I have a data frame that I've discretized
using RWeka
. RWeka's discretization creates bins with single quotes in them. Although they are not causing any problems, while plotting it looks ugly to have a variable with 'All'
category.
我有一个使用RWeka离散化的数据框架。RWeka的离散化创建了包含单引号的箱子。虽然它们不会产生任何问题,但是如果用一个带有“All”类别的变量来绘制,就显得很难看了。

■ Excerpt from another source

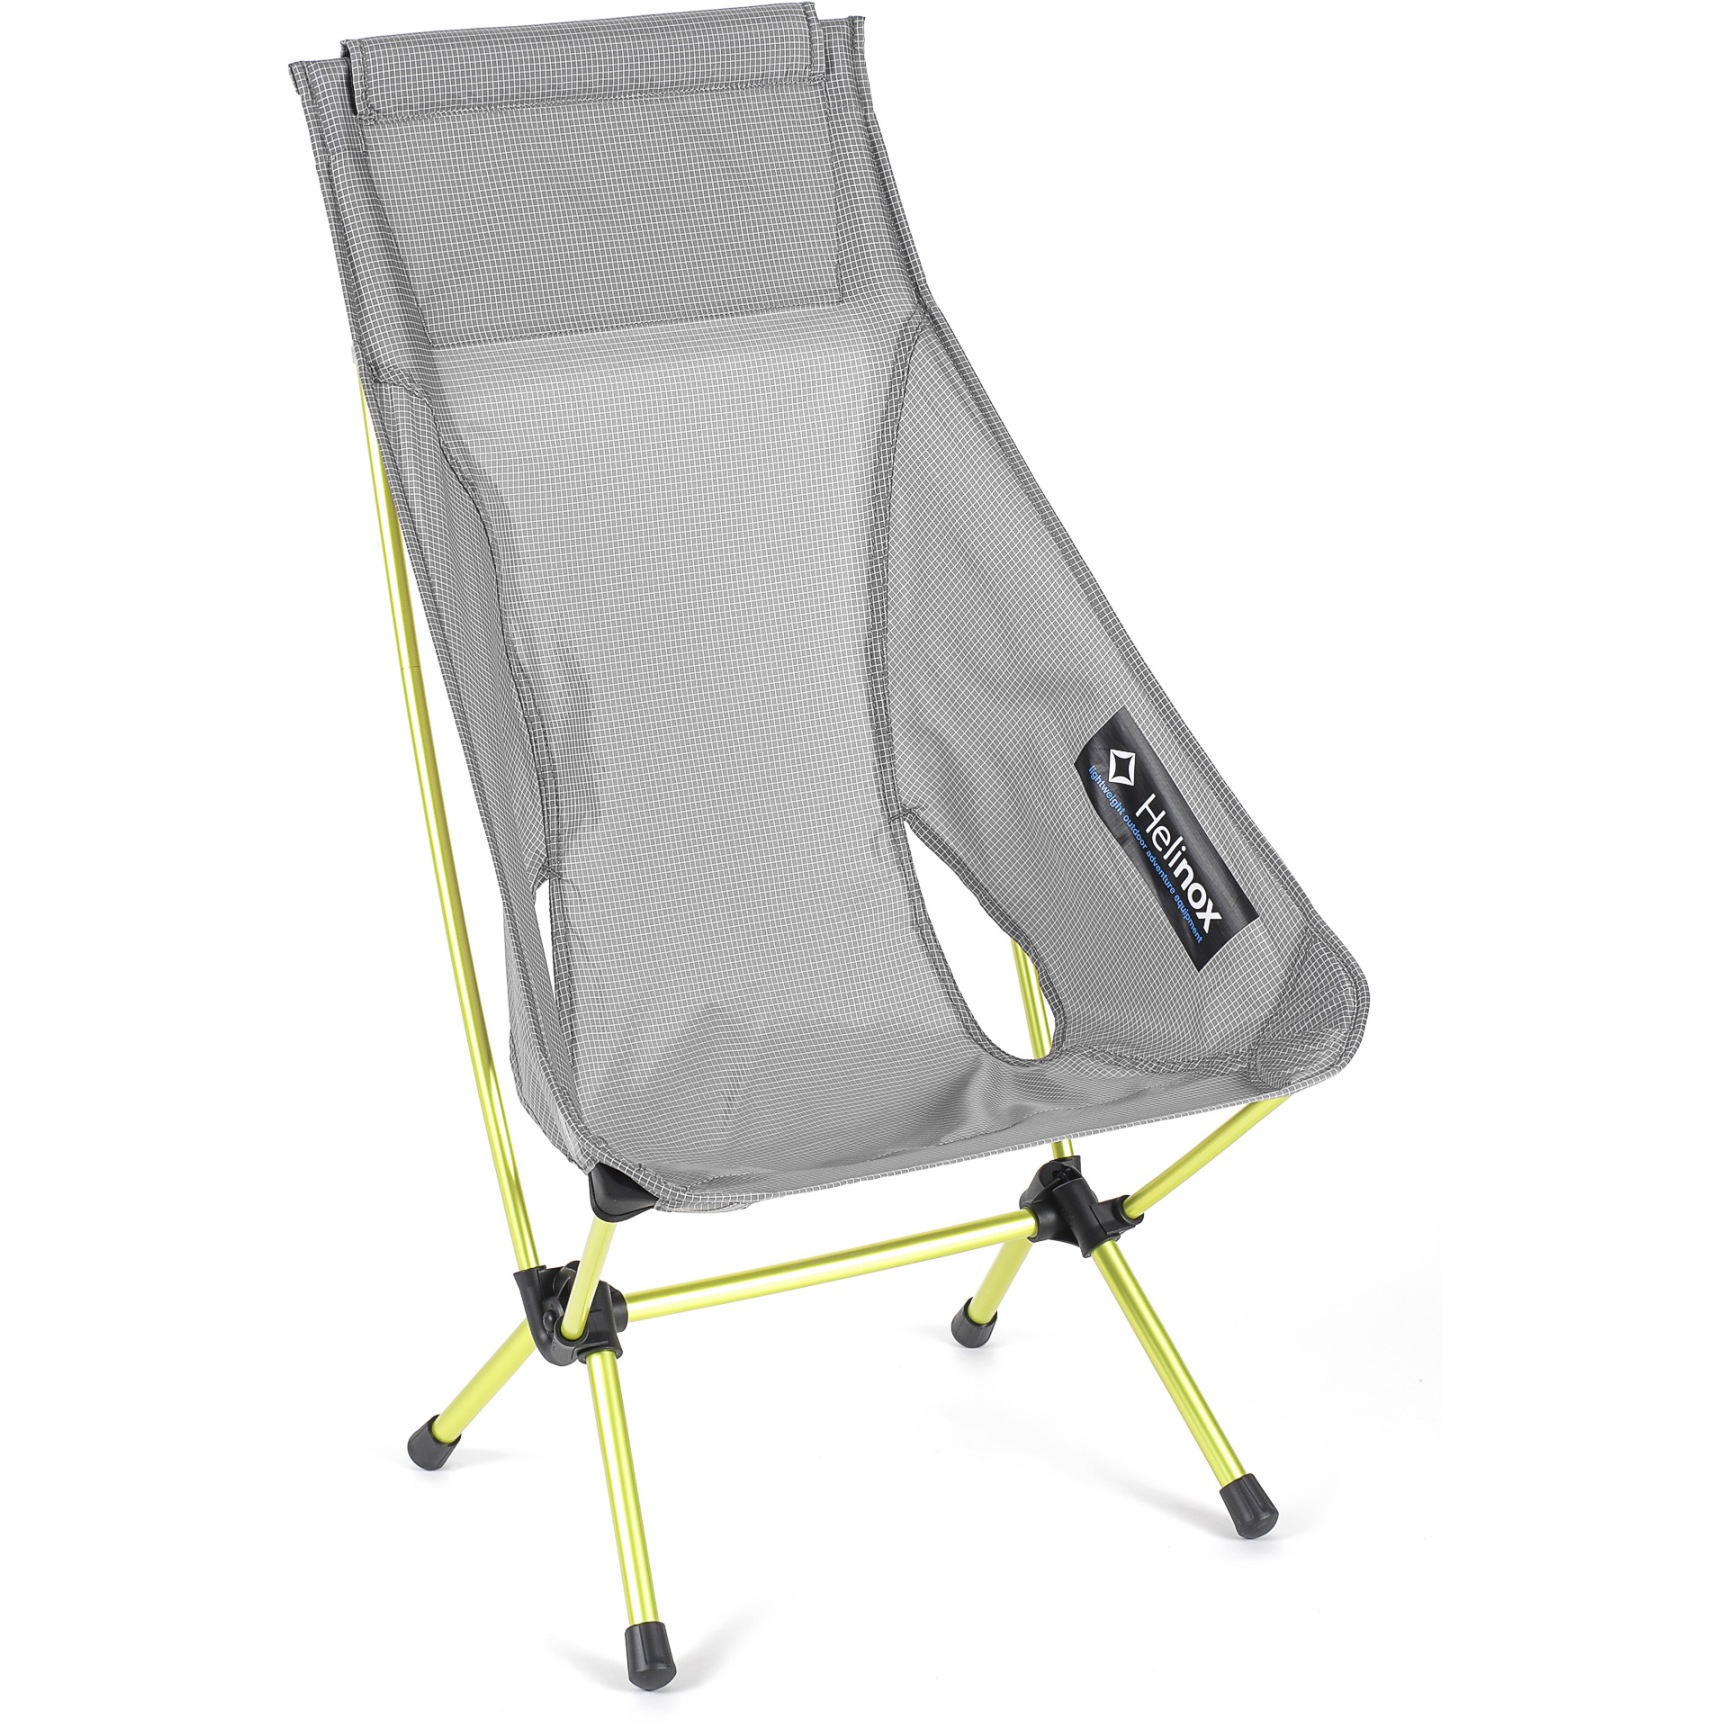 Productfoto van Helinox Chair Zero High Back Camping Chair - grey - melon

Here's the discretized data frame:
这是离散化的数据框架:
structure(list(outlook = structure(c(1L, 1L, 2L, 3L, 3L, 3L,
2L, 1L, 1L, 3L, 1L, 2L, 2L, 3L), .Label = c("sunny", "overcast",
"rainy"), class = "factor"), temperature = structure(c(1L, 1L,
1L, 1L, 1L, 1L, 1L, 1L, 1L, 1L, 1L, 1L, 1L, 1L), .Label = "'All'", class = "factor"),
humidity = structure(c(1L, 1L, 1L, 1L, 1L, 1L, 1L, 1L, 1L,
1L, 1L, 1L, 1L, 1L), .Label = "'All'", class = "factor"),
windy = c(FALSE, TRUE, FALSE, FALSE, FALSE, TRUE, TRUE, FALSE,
FALSE, FALSE, TRUE, TRUE, FALSE, TRUE), play = structure(c(2L,
2L, 1L, 1L, 1L, 2L, 1L, 2L, 1L, 1L, 1L, 1L, 1L, 2L), .Label = c("yes",
"no"), class = "factor")), .Names = c("outlook", "temperature",
"humidity", "windy", "play"), row.names = c(NA, -14L), class = "data.frame")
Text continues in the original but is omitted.